In the second episode, Prosess, the textile artist Tove Ulla (two common Norwegian names that in direct translation mean ‘fulling wool’) recounts a story from the Erotic Folktales collected by the Norwegian duo Asbjørnsen and Moe, both part of the 19th century National Romantic era, which inspires much of the episode’s aesthetics. Tove Ulla has great self-confidence, is crude and mocking toward her sheep, and dons a pair of textile tits.
Her sheep Lanolin reads e-flux and Texte zur Kunst news items (among them a press release from the show Reactivating Videographies, which ‘brings to the fore different working methods and formats in video art inside the current healthcare context’ no less). Lanolin also tries to talk about the philosophical and political concept of Localism, but his efforts are met with little enthusiasm.
The co-dependent lump of wool reminisces about the long tradition of fulling, a craft dating back to ancient Mesopotamia. Tove, deeply satisfied with being ‘in the process’, ends the episode by utilising the lump of wool, handling him and placing him on her head. It can be interpreted as a symbolic gesture that represents the process and material taking the place of theory and ideas in her (somewhat wayward) art and craft production.
In Produkt, a silkworm who runs a fashion and silk-production business enters a restaurant and obnoxiously demands immediate service. The waiter must listen to the silkworm’s ramblings about his business and philosophy of life. Among the references to luxury brands and his childhood beneath a mulberry tree (which is what silkworms eat), he also points out that he admires the Roman emperor Elagabalus (officially known as Antoninus), who’s unusual reign coincided with the introduction of silk apparel in the upper classes of the Roman Empire (google the guy!).

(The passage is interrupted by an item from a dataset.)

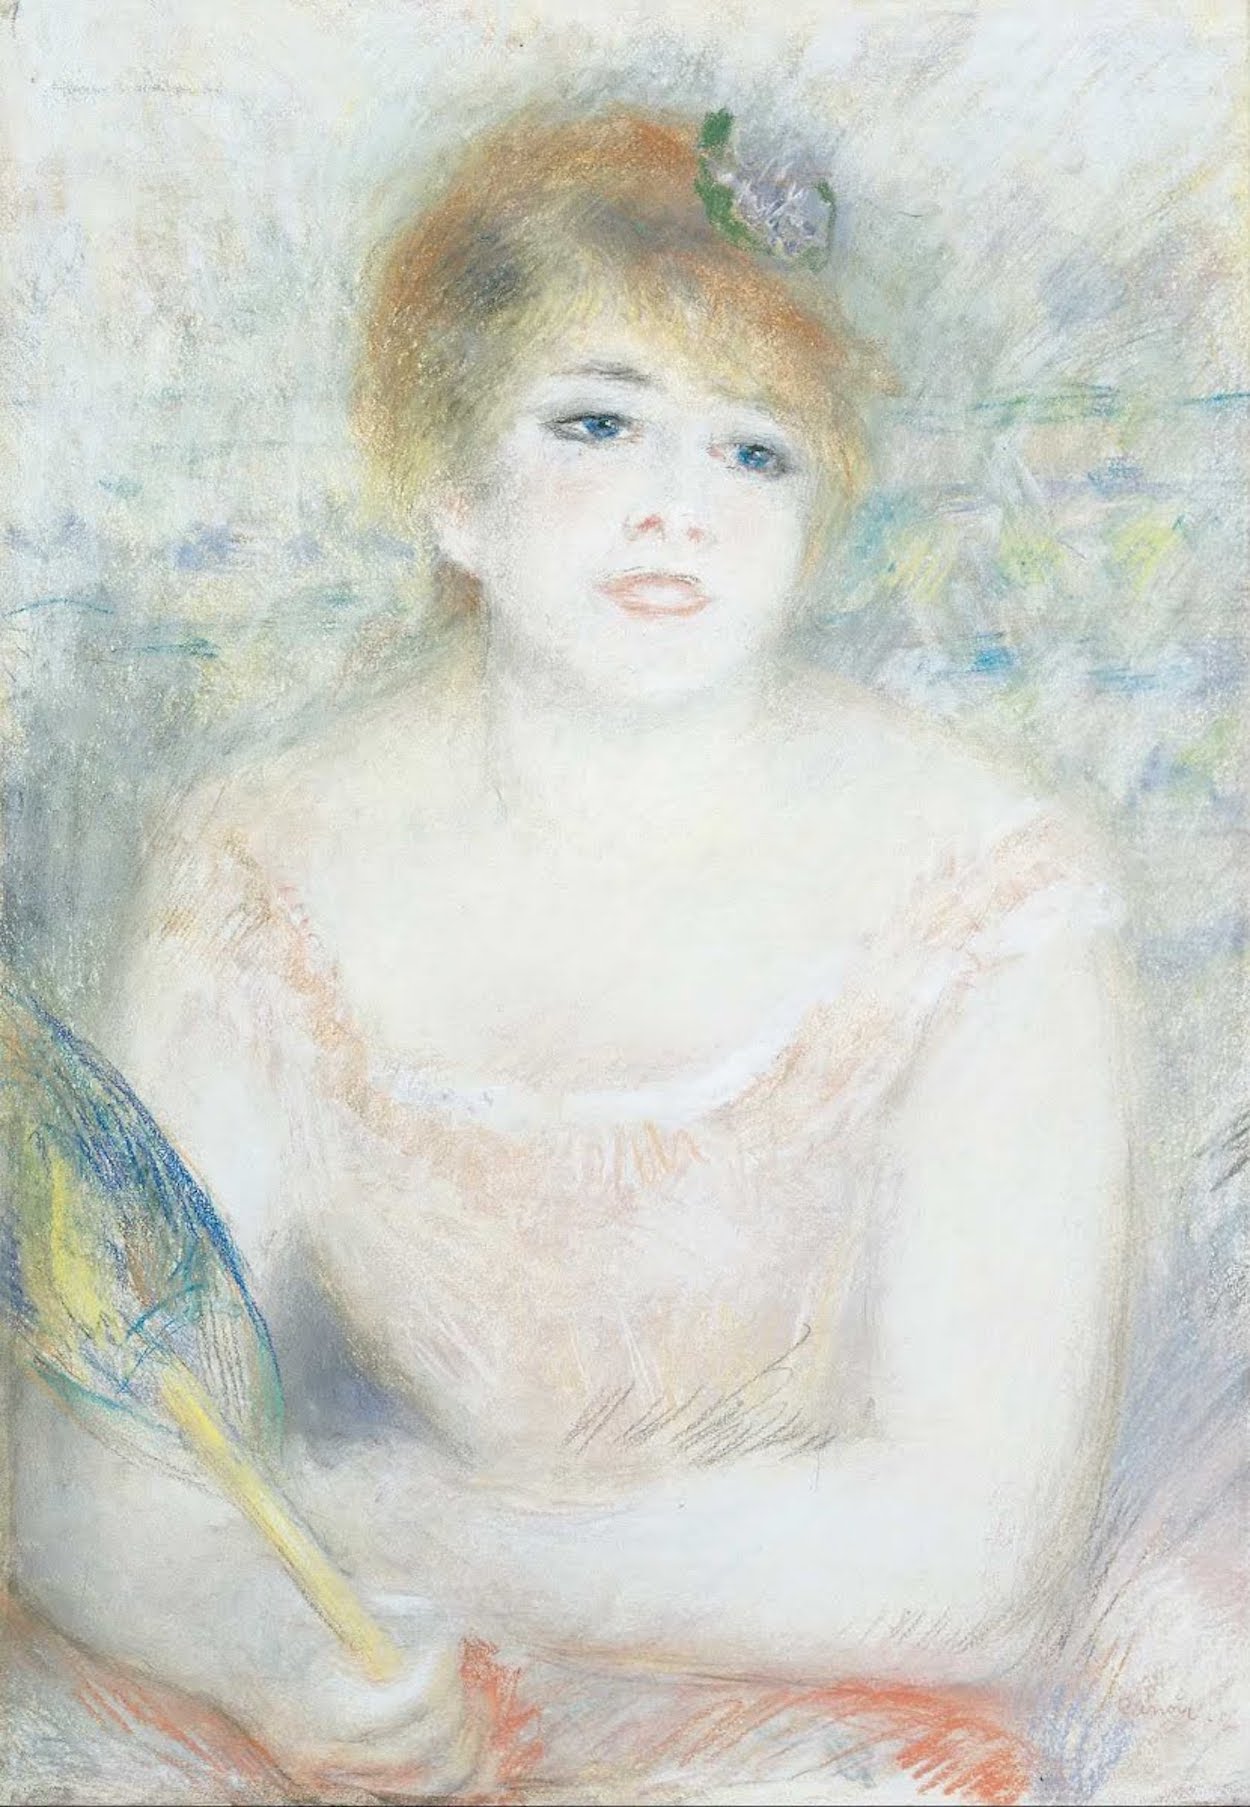 Mademoiselle Jeanne Samary by Pierre-Auguste Renoir - c. 1878 - 69,7 x 47,7 cm El Museo de Arte de Cincinnati

Emails ticking in on the silkworm’s phone show that his business is on the verge of collapse. He has exploited child labour, committed environmental crimes and is caught out as a tax evader. Presenting his life as a ‘rags to riches’ story, the silkworm goes on to discuss his future prospects with an optimistic oyster. The conversation descends into a dark fantasy of exploitative capitalism. The transactional relationship between man and nature is highlighted through their disturbing idea for a new luxury conglomerate based on merging silk and pearls in a perverse union. (Throughout the episode the silkworm and oyster quote the erotic tale The Golden Lotus by Lanling Xiaoxiao Sheng.)
Textiles play a dominant aesthetic role in Hjorth’s costumes and props. Set against a black backdrop within which the actors are placed, as if in a theatre setting reminiscent of the one used for Derek Jarman’s experimental comedy-drama Wittgenstein (1993).
Following the logic of craft, Hjorth and Makonnen Kjølaas avoid any use of CGI, green screen or computer animation, choosing instead (rather hopelessly) to hold onto some semblance of being purely ‘material’ – at a time when art, social interactions and communication have been pushed even further into the digital sphere with the onset of the Covid-19 pandemic.
The mobile phone, the only prominent non-textile object in the series, is ever present. It acts as a medium for creative output and escapism, a means for acquiring information, and an apparatus for communication, respectively.
Pitch, Prosess, Produkt is commissioned and produced by Norwegian Crafts and features music by Andreas Strand Renberg. The film series has received support from Arts Council Norway and the Norwegian Embassy in Paris.